Abstract & Introduction

To measure the activity of Gq-coupled GPCRs in drug discovery and compound screening campaigns, intracellular calcium flux assays using fluorescent calcium
binding dyes play an important role. The FLIPR Tetra® system offers real-time kinetic measurement of calcium flux within cells and is traditionally performed in
384-well assay plates. However, as high-throughput screening campaigns have been increasing in size over the past years, the substantial number of cells and
reagents required, and the overall duration of the campaigns have become increasingly important restricting factors.

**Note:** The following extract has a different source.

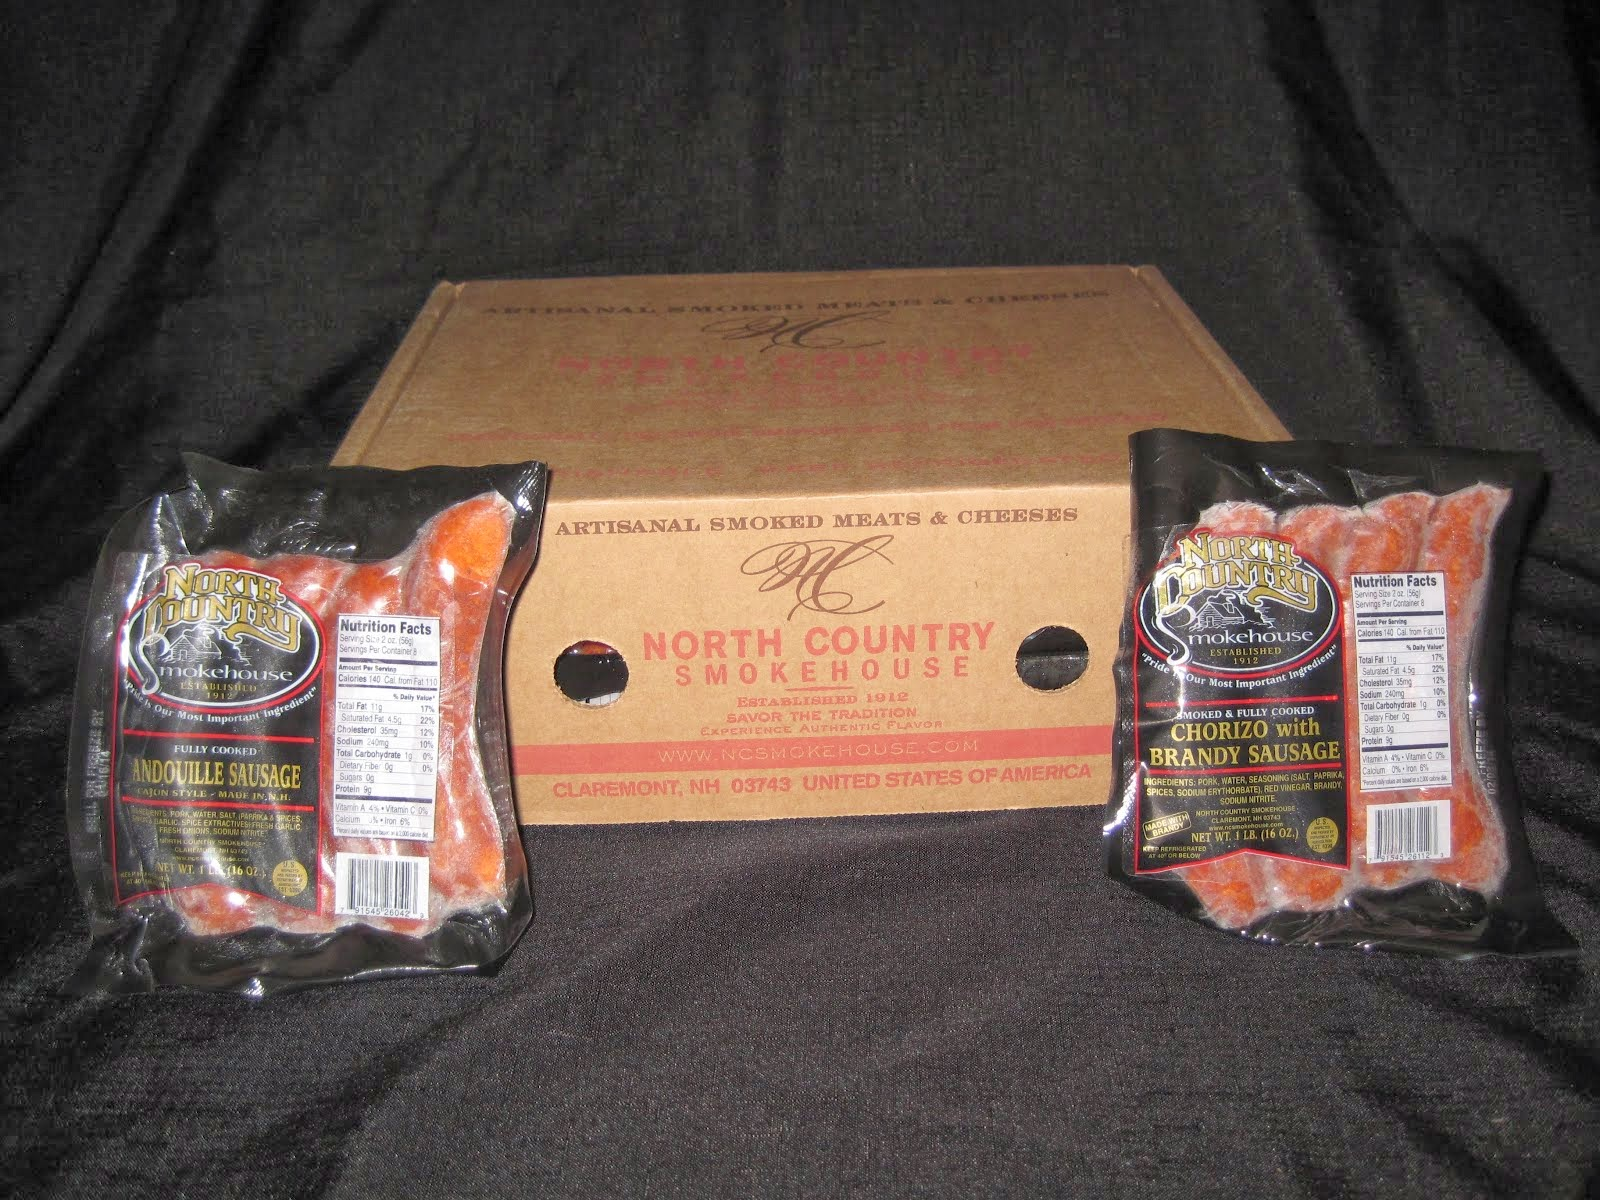 Andouille & Chorizo Sausage 10/1 lb - Item # 15980 & 15981 split - 15990 & 15991 split

To circumvent these limitations, we have miniaturized a cellular calcium flux assay to 1536-well format. Using a FLIPR Tetra® equipped with a 1536-pipettor head,
we performed a mini-screen of 2,816 compounds from the Evotec-lead like compound library. We identified agonists and allosteric modulators of endogenously
expressed purinergic receptors in wild type CHO cells (WT CHO) showing dose-dependent activation, demonstrating suitability of the 1536-well format for calcium
flux assays in screening mode.

Our study demonstrates the advantages of miniaturization of a cell-based calcium flux assay into a 1536-well format using the FLIPR Tetra®, by gathering real
time data in high-throughput mode using much less cells, smaller reagent volumes and a significantly increased throughput time, thereby enabling time- and cost efficient screening of libraries with >250,000 compounds.